Figure: Compared to the baseline, LSM (ours) shows much lower gradient norms and fewer instances of gradient clipping, indicating a significantly "smoother" optimization landscape.

Experimental Victories

The authors tested this on Qwen2.5-7B for math and agentic tasks (ALFWorld).

• Math Reasoning: The model climbed from a 36.4 average to 41.5. On the challenging AIME24 benchmark, the improvement was even more pronounced.
• Agentic Performance: In multi-task settings, the model hit a 97.7% success rate on ALFWorld, proving that stabilizing math reasoning doesn't have to come at the cost of general task performance.
• Stability: The "Repetition Loop" failure—where a model gets stuck saying "Wait, Wait, Wait"—was significantly reduced because the distribution-level loss forces the model to match the teacher's entropy rather than just one-off token choices.

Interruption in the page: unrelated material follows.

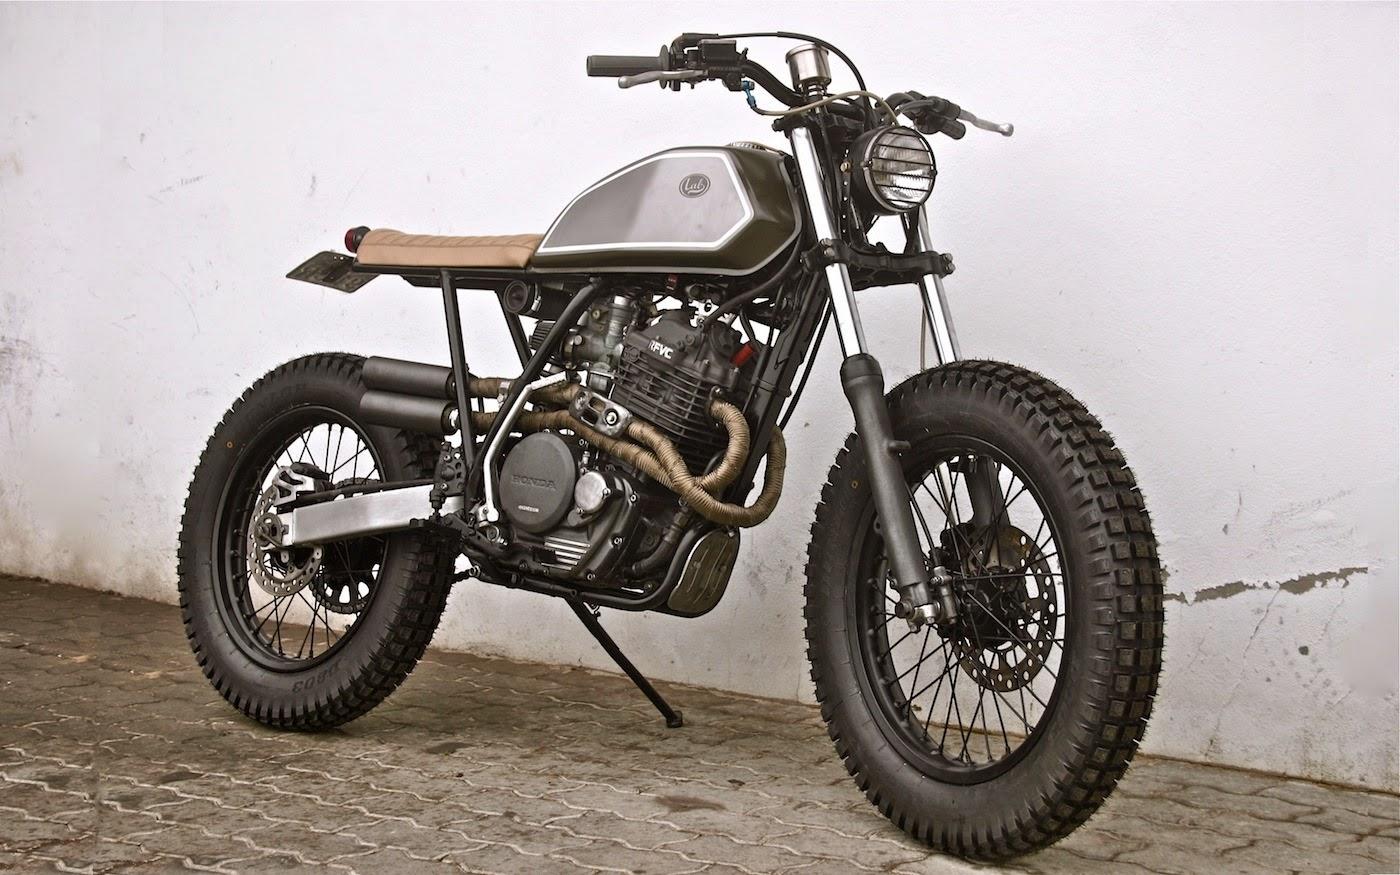 Honda Xr 600 Quot Scrambler Quot By Lab Motorcycle Lsr Bikes

Critical Insight: The Middle Ground

The genius of this work lies in finding the "Goldilocks zone." Fully sequence-level RL is too noisy; single-token distillation is too "dumb." By matching distributions over a local teacher support, the authors provide enough signal to guide the student without the chaotic variance of long-term reward dependencies.

Limitations & Future Work

While LSM is a powerful "simple fix," the authors admit a gap still exists between the student and the teacher. Future research will likely focus on outcome-verifiable rewards (like code execution) to complement this teacher-matching approach, ensuring that models don't just "talk like the teacher" but actually "solve the problem."

Summary Takeaway

If you are training reasoning models using OPD, stop using point-estimate rewards. Moving to a truncated, renormalized Top-K KL objective is a low-cost, high-impact upgrade that solves the most common stability issues in LLM post-training.